Я буквально сходила с ума в предвкушении… счастья, по утрам постоянно считая, сколько дней мне осталось до заветной поездки: семьдесят… пятьдесят… уже тридцать… Я была в состоянии Золушки, на балу вдруг танцующей с принцем, тайно верящей, тайно надеющейся, что потерянный мной башмачок сам отыщет меня, потому что он впору лишь мне…
Двадцать дней, восемнадцать… пятнадцать… Я витала уже в облаках, сокрушаясь тогда об одном – что еще не могу поделиться своим счастьем с моими друзьями. В Интуристе сказали: об этом молчок, никому ни гугу, пока точно еще неизвестно, я пройду или нет важный «конкурс» биографий советских людей. Только мне не давало покоя мое чувство вины, будто бы я врала однокурсникам, вынужденно скрывая о планах встречи с городом моей мечты, ведь за долгие годы учебы у меня от них не было тайн.
Десять дней… Еще только неделя…
Я с упоением запоминала замысловатые немецкие слова, не входящие ни в какую программу изучения этого языка в Советском Союзе. А занятия в институте – как будто во сне… Я ходила на них по инерции заведенного стереотипа. Психология и медицина отступили на задний план, превратившись вдруг в фон, став не главным уже в моей жизни, в …предвкушении счастья…побродить по следам … Гениальных… Великих…
Оставалась всего лишь неделя моего бесконечного томления и моих ожиданий, когда вдруг, неожиданно, во время занятий, не сказав, почему, меня срочно вызвали в учебную часть. За пять лет учебы это было впервые.

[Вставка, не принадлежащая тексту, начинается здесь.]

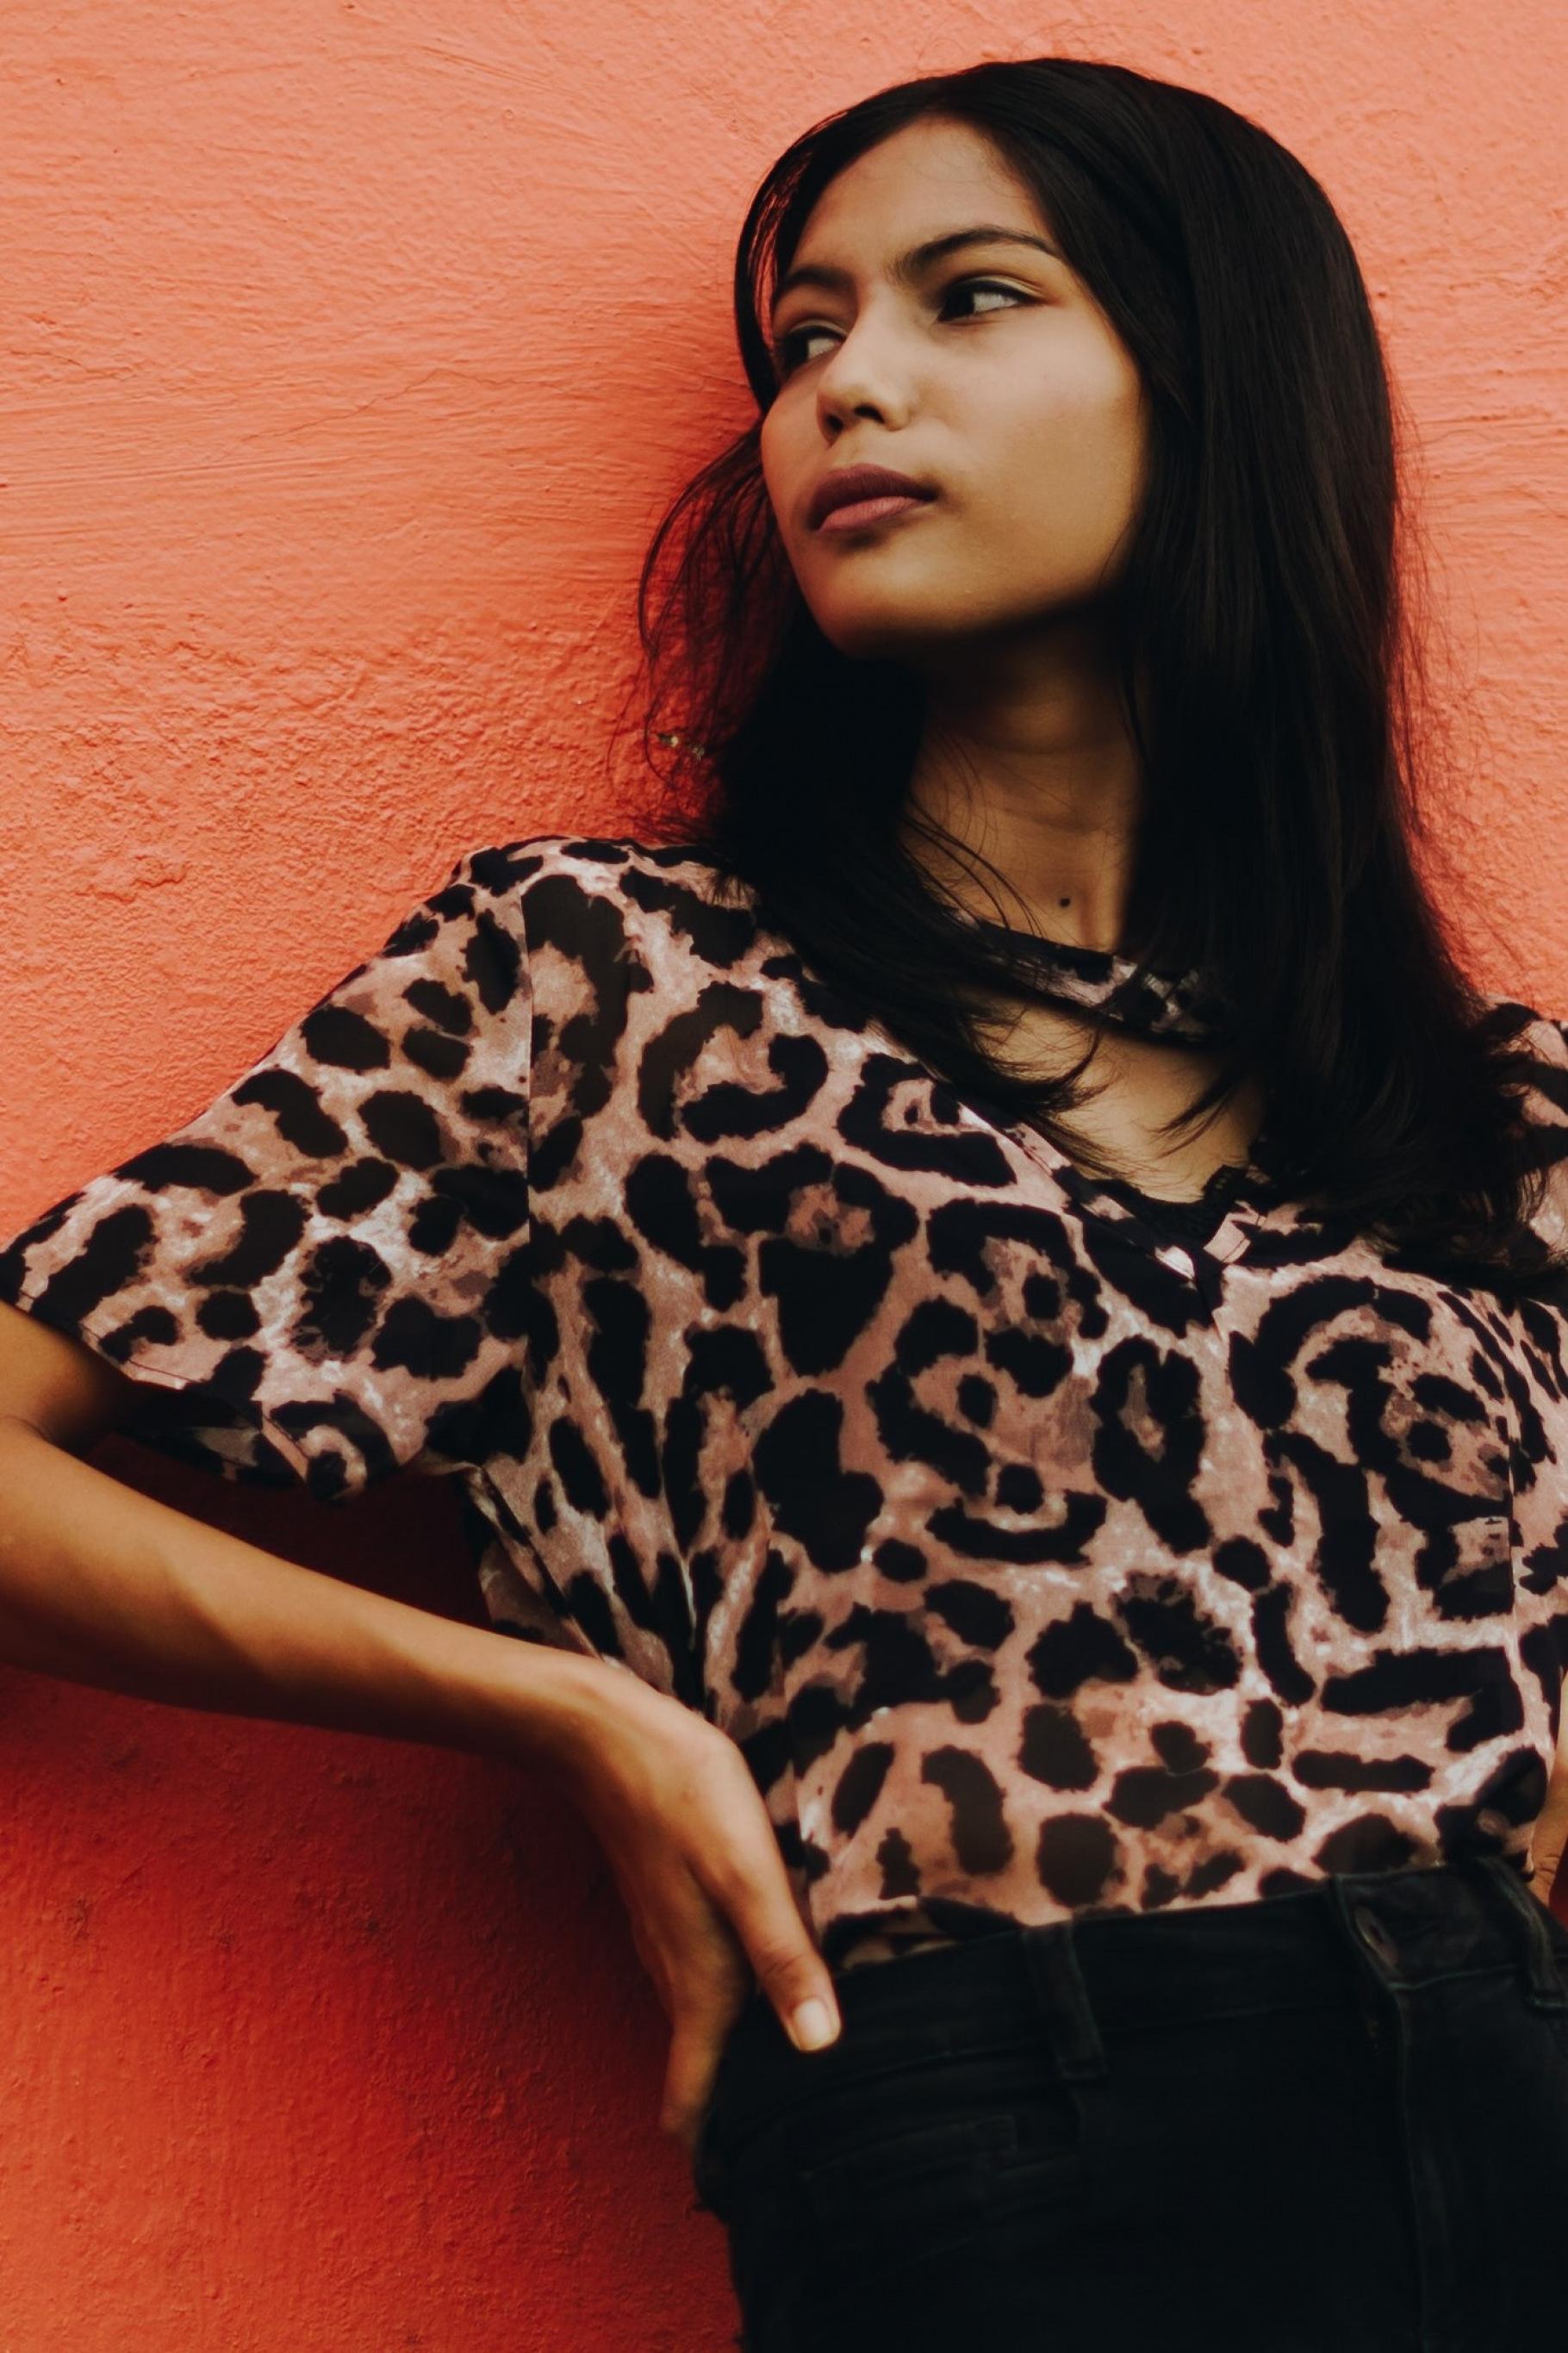 Leoparden-Print war im Trend in den 2000er Jahren

– Наверное, Ленинскую утвердили, – предположил ведущий в это время у нас в группе практическое занятие по научному коммунизму преподаватель марксистско-ленинской философии, удивленный не меньше, чем я. В стенах нашего института ничто подобное не практиковалось, и студентов нельзя было вызвать с занятий даже во время ЧП, потому что все пропуски приравнивались к преступлениям, а за непосещение лекций могли просто отчислить из вуза, несмотря на самые блестящие знания, доказанные не только заведующему кафедрой, но и целой экзаменационной комиссии. Да, могли отчислить лишь только за то, что ты не «отсидел» положенное тебе вузовской программой время в данном лекционном зале и у данного преподавателя, иногда просто переписавшего текст «выдающейся» лекции с одного из разделов студенческого учебника. Конечно, западному студенту, «добросовестно» не посещающему лекции или врывающемуся в аудиторию во время занятий, допивая при этом кока-колу и доедая полуметровый сэндвич, этого не понять. Но тем не менее тогда у нас было именно так, поэтому этот неожиданный вызов всполошил не только меня, но и всех вокруг почти так же, как и получение письма в Обломовке в знаменитом романе Гончарова.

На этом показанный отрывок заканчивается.